Dalam pandangannya, keadilan ekonomi harus menjadi napas utama dalam setiap ekspansi industri. Perusahaan raksasa dihimbau untuk tidak membangun tembok eksklusivitas yang mematikan persaingan atau memonopoli pasar, melainkan harus membuka gerbang kemitraan seluas-luasnya bagi aktor ekonomi lokal agar tercipta iklim usaha yang sehat dan suportif.

"Sejalan dengan semangat Astacita Presiden tentang kemandirian dan kedaulatan pangan, industri besar tidak boleh berjalan sendiri.
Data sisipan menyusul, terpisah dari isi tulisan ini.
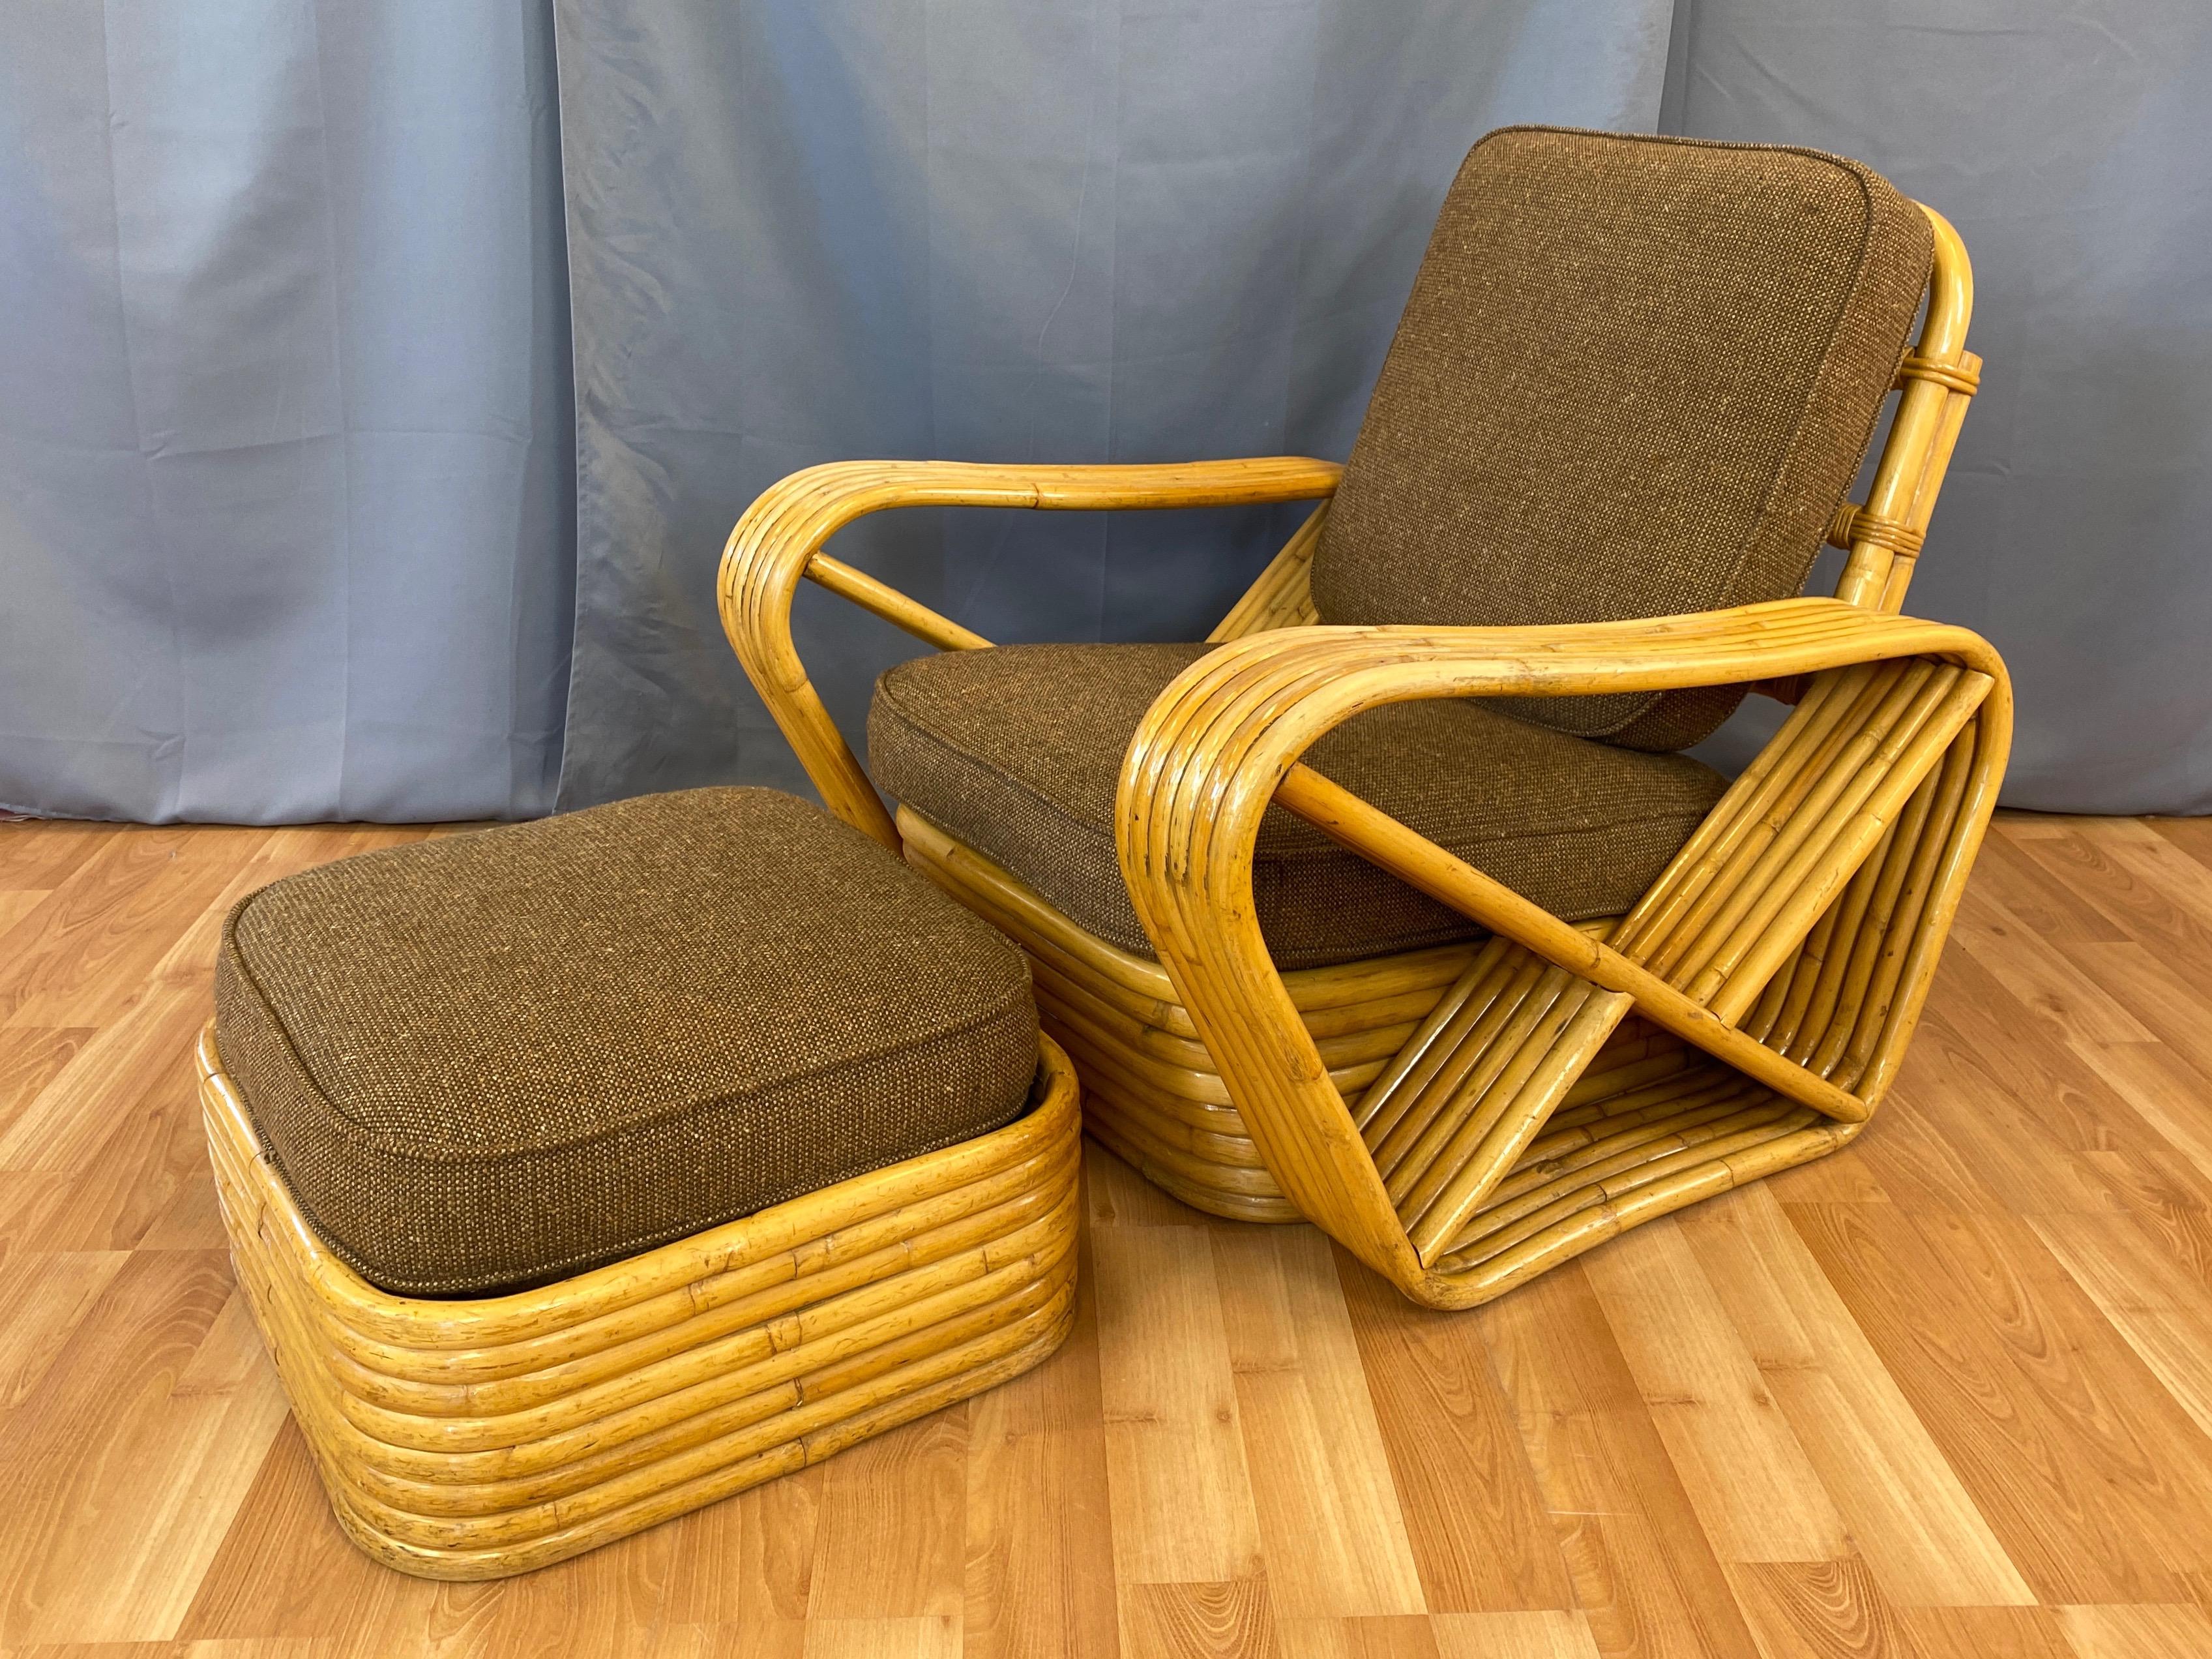 An impressive mid-century Paul Frankl-style rattan pretzel club or lounge chair & ottoman, with production attributed to Tropical Sun Co. of Pasadena, California.

Expertly-crafted bent rattan chair notable for six-strand arms with pretzel-style

Harus ada ruang kolaborasi yang nyata bagi UMKM dan usaha mikro, agar manfaat kemajuan industri dirasakan hingga ke lapisan ekonomi terbawah," ucapnya.

Sinergi antara industri besar dan UMKM ini dinilai krusial untuk menciptakan ketahanan pangan yang tidak hanya kuat secara kuantitas produksi, tetapi juga adil dalam distribusi kesejahteraan.

Dengan merangkul usaha mikro sebagai mitra strategis baik sebagai pemasok bahan baku maupun distributor industri pangan diharapkan mampu menjadi lokomotif penggerak ekonomi yang inklusif.

"Hal ini penting untuk memastikan bahwa nilai tambah ekonomi yang dihasilkan dari kekayaan alam Indonesia dapat dinikmati secara merata oleh masyarakat luas, dan bukan hanya terakumulasi di puncak piramida bisnis korporasi semata," jelas Novita.